[midPoint] SAML integration with midpoint
Peter Holes
pholes at gmail.com
Thu Feb 24 12:13:46 CET 2022
Hi,
Does anybody use midpoint Flexible authentication with saml2 protocol with
midpoint 4.4?
What I've done:
- take the sample for flexible authentication from github
(midpoint-sample/policy/security/...)
- enrich sample with my own certificates for signing
- change the IdP metadata + update the entityId based on my environment
- change the default login sequence to use only saml
--snip --
<sequence>
<name>admin-gui-default</name>
<channel>
<channelId>http://midpoint.evolveum.com/xml/ns/public/common/channels-3#user
</channelId>
<default>true</default>
<urlSuffix>default</urlSuffix>
</channel>
<module>
<name>mySamlSso</name>
<order>30</order>
<necessity>sufficient</necessity>
</module>
</sequence>
--snip--
Hopefully this is everything that needs to be done. After trying to login
to midpoint, the redirect to my sso service was not done correctly and get
the error message in log file:
Is there something that I've missed in my midpoint configuration?

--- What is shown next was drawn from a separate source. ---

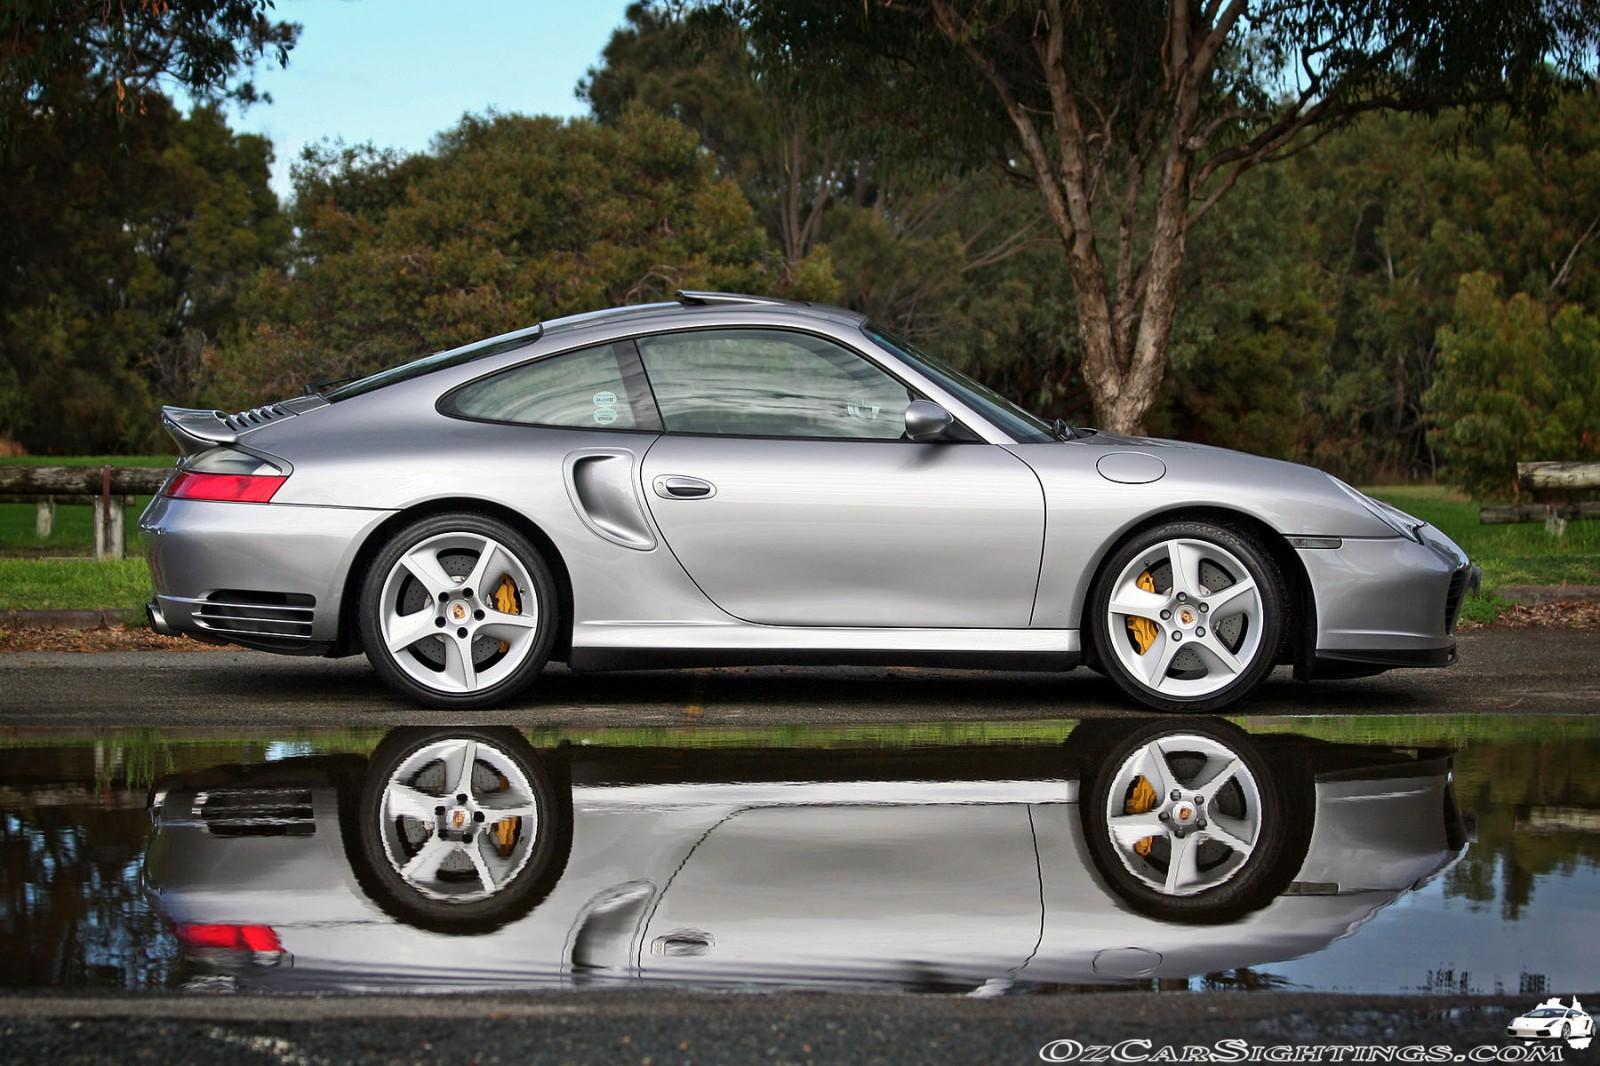 http://aussieexotics.com/drivers/albums/imported/dingo/porsche-996tt-sphotoshoot/porsche-996-turbo-s-(24).jpg

Also I tried to configure the oidc configuration, but in midpoint 4.4 there
is a missing schema for the <client> (maybe it will be available in the
next release?)
Can anybody help with that, or what does this error exactly mean?
Here is a snippet from the log file.
--snip--
2022-02-24 11:36:45,020 [MODEL] [http-nio-18081-exec-5] ERROR
(com.evolveum.midpoint.web.security.util.SecurityUtils): Couldn't build
filter for module moduleFactory
java.lang.IllegalArgumentException: registrations cannot be empty
at org.springframework.util.Assert.notEmpty(Assert.java:470)
at
org.springframework.security.saml2.provider.service.registration.InMemoryRelyingPartyRegistrationRepository.<init>(InMemoryRelyingPartyRegistrationRepository.java:41)
at
com.evolveum.midpoint.web.security.module.configuration.SamlModuleWebSecurityConfiguration.buildInternal(SamlModuleWebSecurityConfiguration.java:118)
at
com.evolveum.midpoint.web.security.module.configuration.SamlModuleWebSecurityConfiguration.build(SamlModuleWebSecurityConfiguration.java:80)
at
com.evolveum.midpoint.web.security.factory.module.Saml2ModuleFactory.createModuleFilter(Saml2ModuleFactory.java:76)
at
com.evolveum.midpoint.web.security.util.SecurityUtils.lambda$buildModuleFilters$1(SecurityUtils.java:452)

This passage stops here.